LGBTQI+ Pride Month: Future & Past Generations

Publisher: ICOY Staff

Beacon on the Chicago lakefront painted with a rainbow flag.

At ICOY, we champion the safety, health and success of Illinois’ children, youth, and families. Within this mission, we strive to create an inclusive community within our coalition. We hope that you were able to enjoy LGBTQI+ Pride Month, a time dedicated to heightening the LGBTQI+ community, and we challenge ourselves and others to use awareness months like this, as a starting point to a continued commitment to growth and learning.

With the month of June coming to a close, members of ICOY staff have shared their reflections on celebrating LGBTQI+ Pride Month.

In 2019, I took my three children, my oldest 11 and my twins aged 8 at the time, to their first Pride Parade. The location was in Aurora, Illinois, and this is only the second suburban Pride parade that I had learned of outside of the fabulous Chicago Pride Parade. Although the Chicago Pride was a celebratory right-of-passage in my 20’s, fighting the crowds, heat, and excessive partiers had long lost its appeal for myself as a mother that had settled in the suburbs with her family. I was excited to learn the Aurora Pride Parade was centered on engaging people of all ages, was shorter in length, and easier to manage for my kids (aka we could comfortably bring our wagon and chairs). In anticipation, I bought matching Pride shirts for the entire family at Old Navy, mini rainbow flags to wave at the crowd, and a big rainbow umbrella to provide shade during the June afternoon heat.

As we parked the car and began to navigate our way through the pre-parade crowd, my son turned to me and asked genuinely, “Why do we celebrate Pride?” The question caught me off guard because I realized that in his world having two moms, friends with trans fathers, and a group of friends with queer parents was normal.
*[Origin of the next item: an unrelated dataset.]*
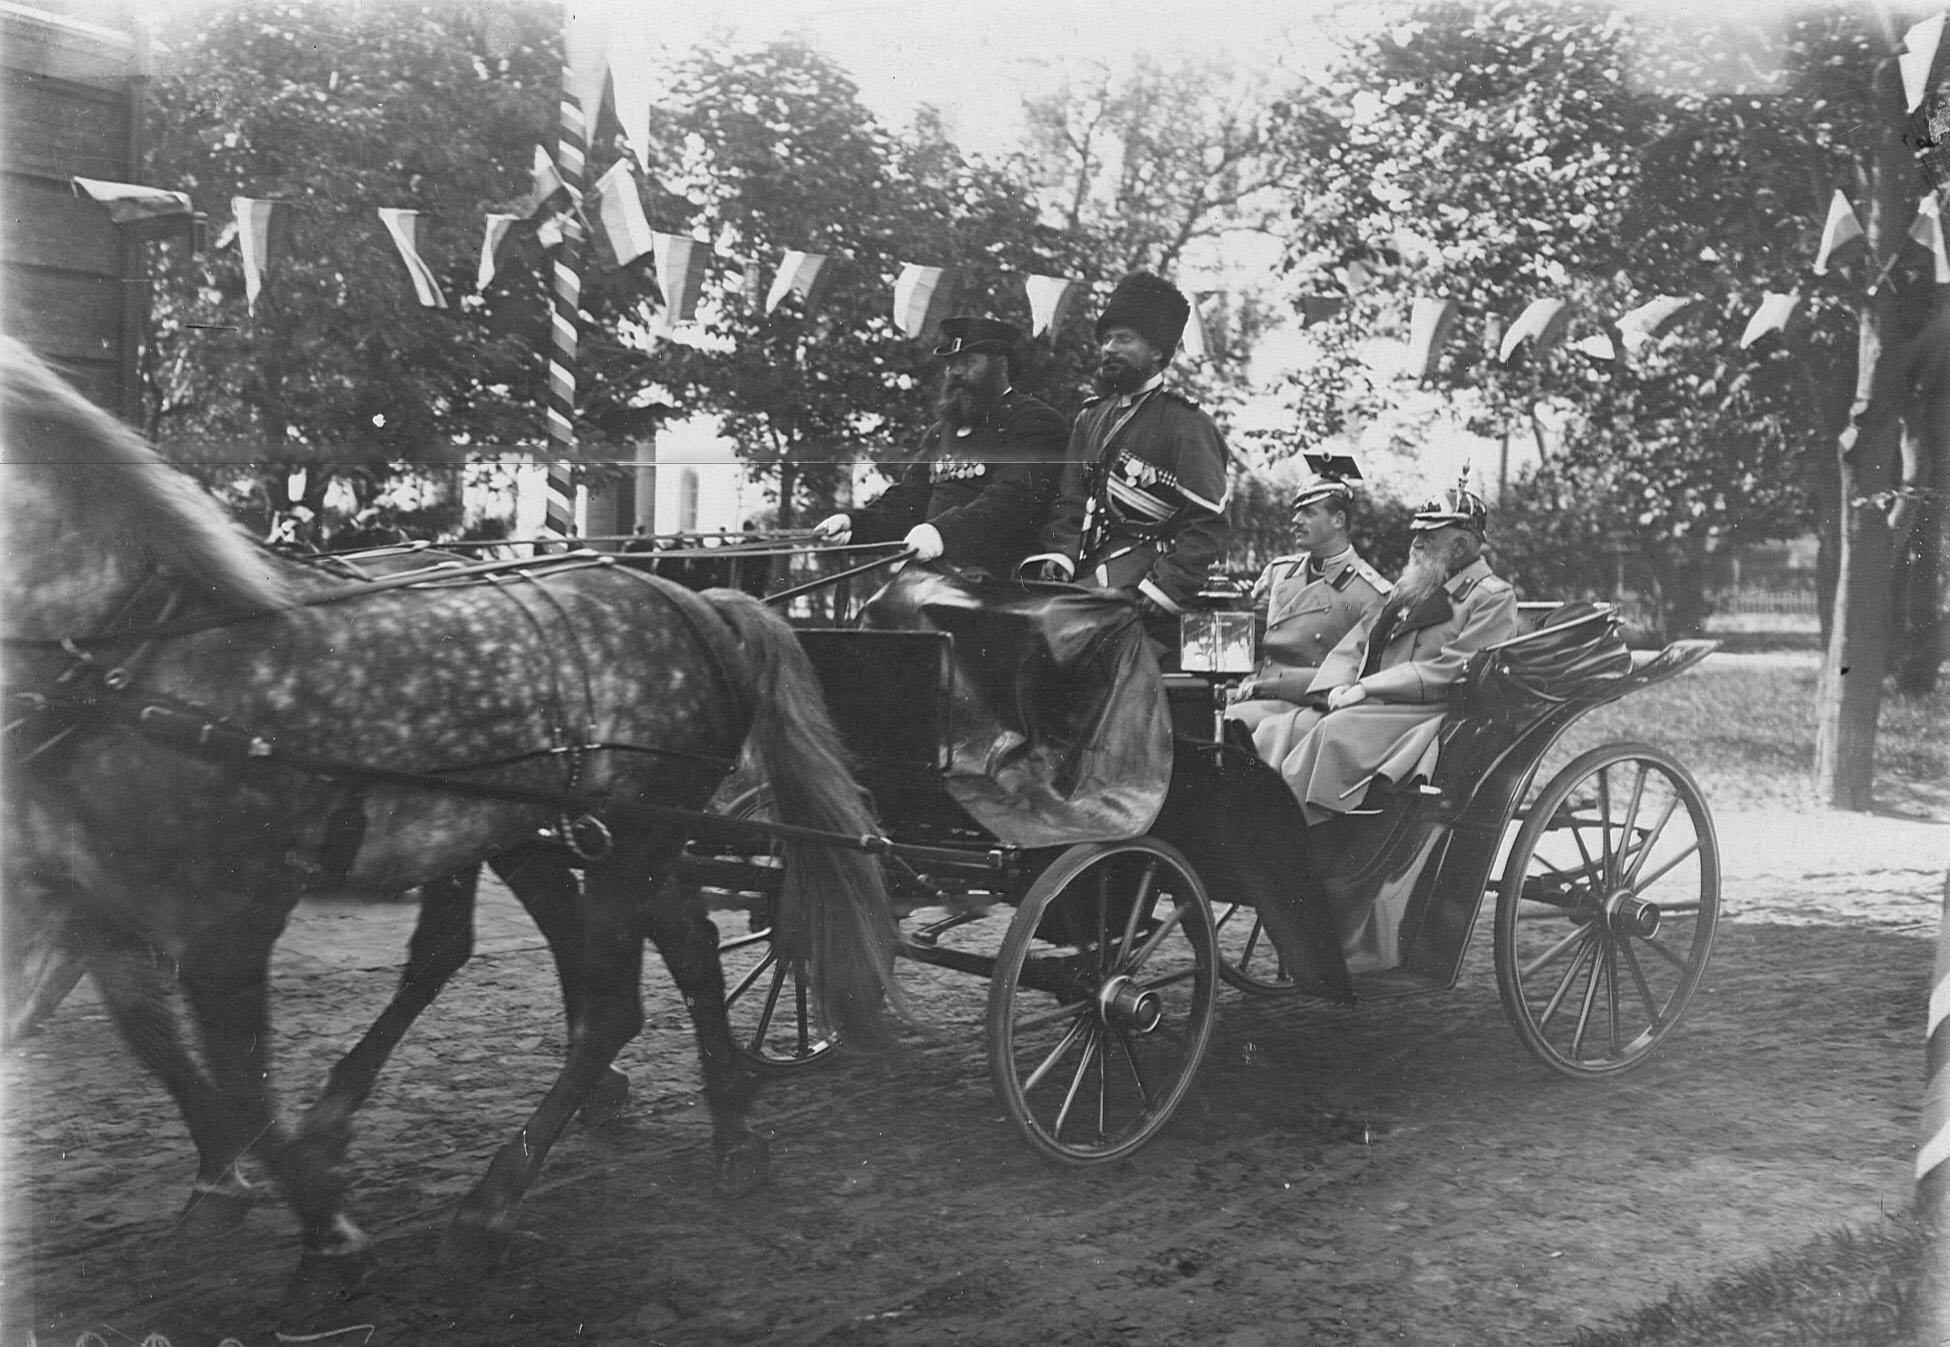 Прибытие великого князя Михаила Александровича (слева) на празднование 250-летнего юбилея полка

He did not know that when I grew up, there was no one that was openly gay. Being gay was seen as a “bad thing” and meant risk of being ostracized or worse from your friends, family, and community. He did not know that I moved to Chicago, because it was the first place, I felt like I had the opportunity to find a community, love, and a hope of creating a family. He did not know that I had to go to Canada to get married because it was not legally recognized in most states in 2006. He did not know that during my first Pride Parade, I had to march past blocks of protesters that were happy to tell me I was going to Hell. He did not know about the hundreds of thousands of queer people that died and fought so that we could be a family unit today.

When I reflect now on this same question, I am humbled by the advocates and the everyday people that were bold and brave to be out despite the risks of stares, mocks, violence, and discrimination. They are my heroes that paved the way and helped me learn that true happiness comes when we embrace our true selves. I constantly strive everyday to set this example for my children, so they inherit a world in which people are celebrated for their authenticity, and people do not care who you love. It is heartening to see how far we have come in my 40+ years; however, we still have a ways to go. LGBTQI+ youth continue to be disproportionately represented in the child welfare and juvenile justice systems, and LGBTQI+ people still do not have many protections in place to avoid discrimination in the work place, housing, and schools.  This past year I was elected as the first openly queer person on our local school board. I was surprised that in 2021 I was the first; however, I am hopeful that I will not be the last. Representation matters, and we need to continue to be bold, step up, and fight for equity for all.